Она рассказала всю свою жизнь, я — свою, и, не понимая друг друга, мы слушали, раскрыв рты. У любви свой язык. Его выучиваешь сразу и без акцента. Но говорить на нем можешь с немногими, может, с одним…
И мы болтали на этом языке всю ночь…
А наутро
Она предпочла Питера — Марксу. Я встречал ее возле чахлого деревца, которое росло напротив ее института. Мы обнялись на виду у всего мира и пошли праздновать ее провал. Мы сидели в каком-то сквере и с аппетитом уплетали горбушку. Ты любишь горбушку, ДЖИНН?
ДЖИНН. Я как-то не задумывалась.
ПИТЕР. А зря! Это лучшее в мире лакомство! РОЛАН, дай мне хлеб, соль и горчицу — и я вам приготовлю русское фирменное блюдо сорок седьмого года (РОЛАН подал хлеб). Нет, я тебя просил черного. И почерствее. Хлеб тогда был грубый, черствый, тяжелый. У тебя есть такой хлеб?
РОЛАН. Вот все, что есть.
ПИТЕР. Не ахти. Но за неимением настоящих продуктов, будем делать блюдо из этих. Берем хлеб, обрезаем краешек, и получается горбушка. Затем мажем густо горчицей и посыпаем солью. Не жалея, вот так. Прошу вас, фирменное блюдо готово!
ПИТЕР протянул. ДЖИНН откусила и поперхнулась.
ПИТЕР. Тебе не нравится?
ДЖИНН. Кто сказал? Это что-то удивительное (вновь поперхнулась).
РОЛАН. (морщась) Какое это к черту лакомство — отрава!
ПИТЕР. Чтобы это стало лакомством — надо было немного поголодать (он с аппетитом сжевал горбушку). М-мм! Вот так мы ее ели. А потом пошли в магазин для иностранцев — был такой, и накупили все, что там было. Это не так много — шпроты, селедку и шоколад. И все это ели руками, вперемежку, на глазах у прохожих. Они останавливались и глазели на нас. И вдруг Света перестала есть. Ком застрял у нее в горле. «Все это, — сказала она, — они не ели много лет».

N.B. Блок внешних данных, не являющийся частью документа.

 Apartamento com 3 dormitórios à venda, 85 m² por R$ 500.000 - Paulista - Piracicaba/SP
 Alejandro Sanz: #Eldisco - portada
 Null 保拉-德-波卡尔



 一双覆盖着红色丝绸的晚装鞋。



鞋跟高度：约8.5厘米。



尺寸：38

Три недели мы шлялись день и ночь. И я решил увезти ее. К себе, в наши Альпы, в Оберленд, о котором она ничего не слышала.

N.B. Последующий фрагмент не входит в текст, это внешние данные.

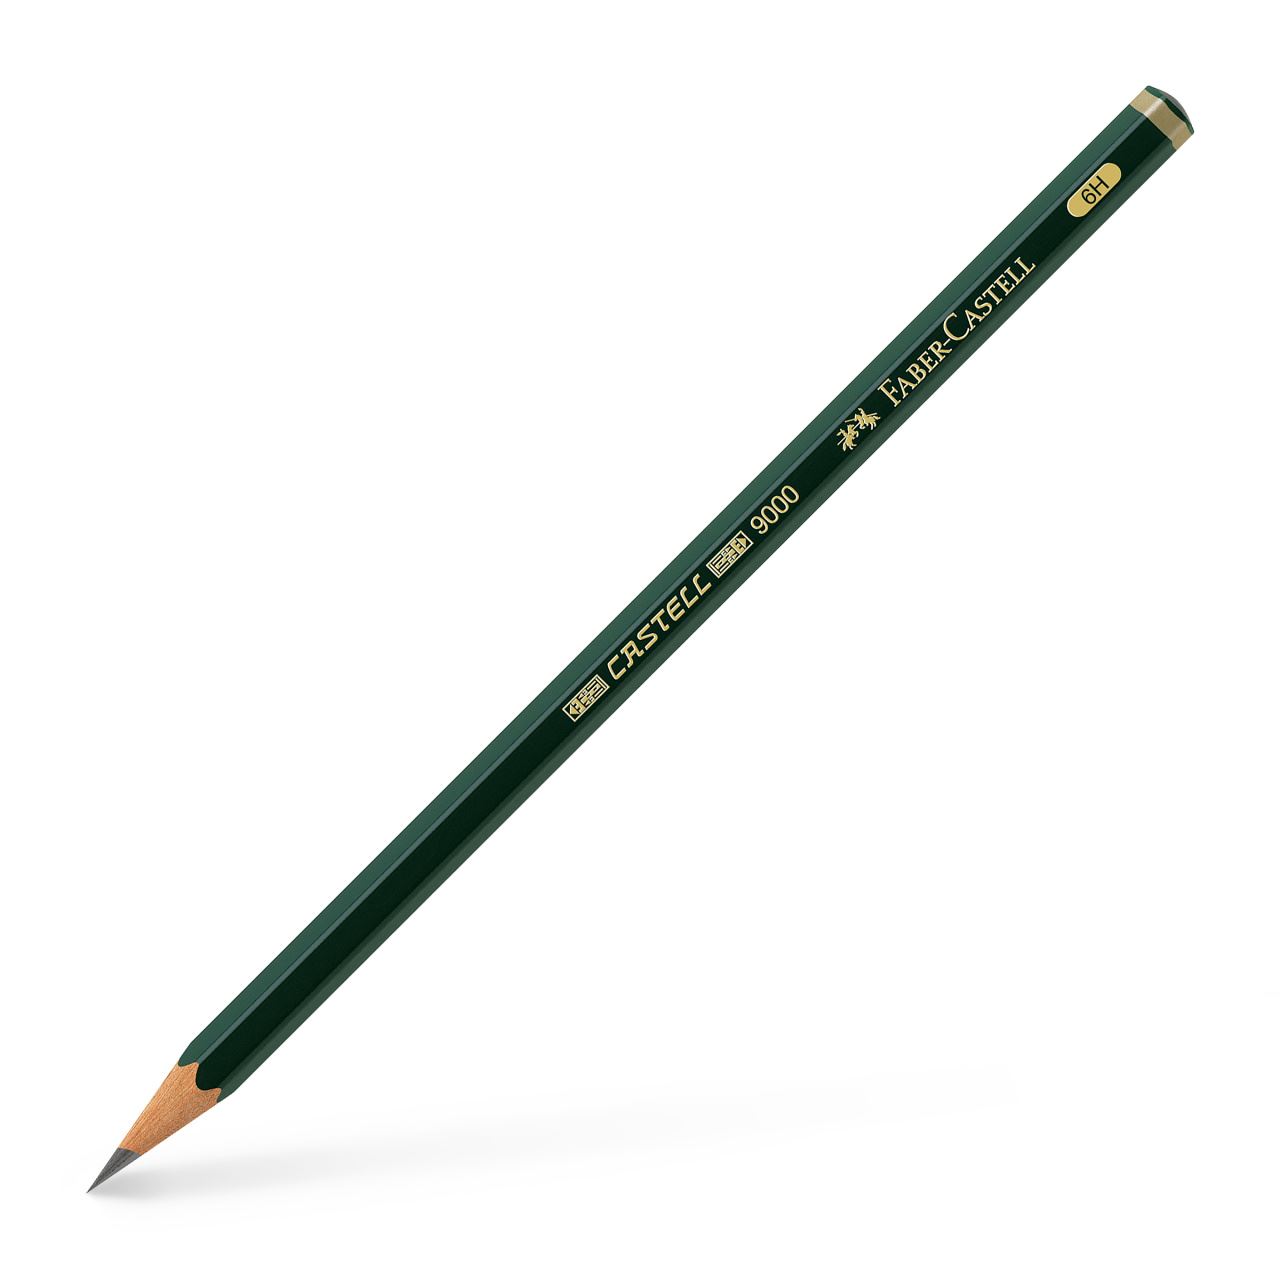 Faber-Castell - Castell 9000 Bleistift, 6H

Она была готова поехать со мной на край света. Никого у нее не было, никого. Все родственники погибли — кто на фронте, кто в блокаду. Три года девочкой жила она под бомбами.
Мы болтались по каналам и думали о нашей будущей жизни.
Я говорил на моем страшном французском. Она просила меня по-немецки не говорить. И я учил ее французскому. От ее произношения мы оба валились от хохота.
Я смеялся, я пел романсы, я ходил в ее огромную коммунальную квартиру, темную, захламленную корытами, ведрами и велосипедами, и ел там картошку с капустой.
И слушал, как гремел трамвай за окном, как точильщик точил ножи, как журчал ее голос… Я готовился увезти ее. Но никуда я ее не увез… Великий вождь и учитель запретил любовь. Будто узнал, что мы решили пожениться. Вскоре после нашей встречи он запретил браки с иностранцами. Вы могли любить всех граждан, до государственной границы. И даже пограничников. И даже их собак. Но не дальше. Он был большой выдумщик, этот отец народов.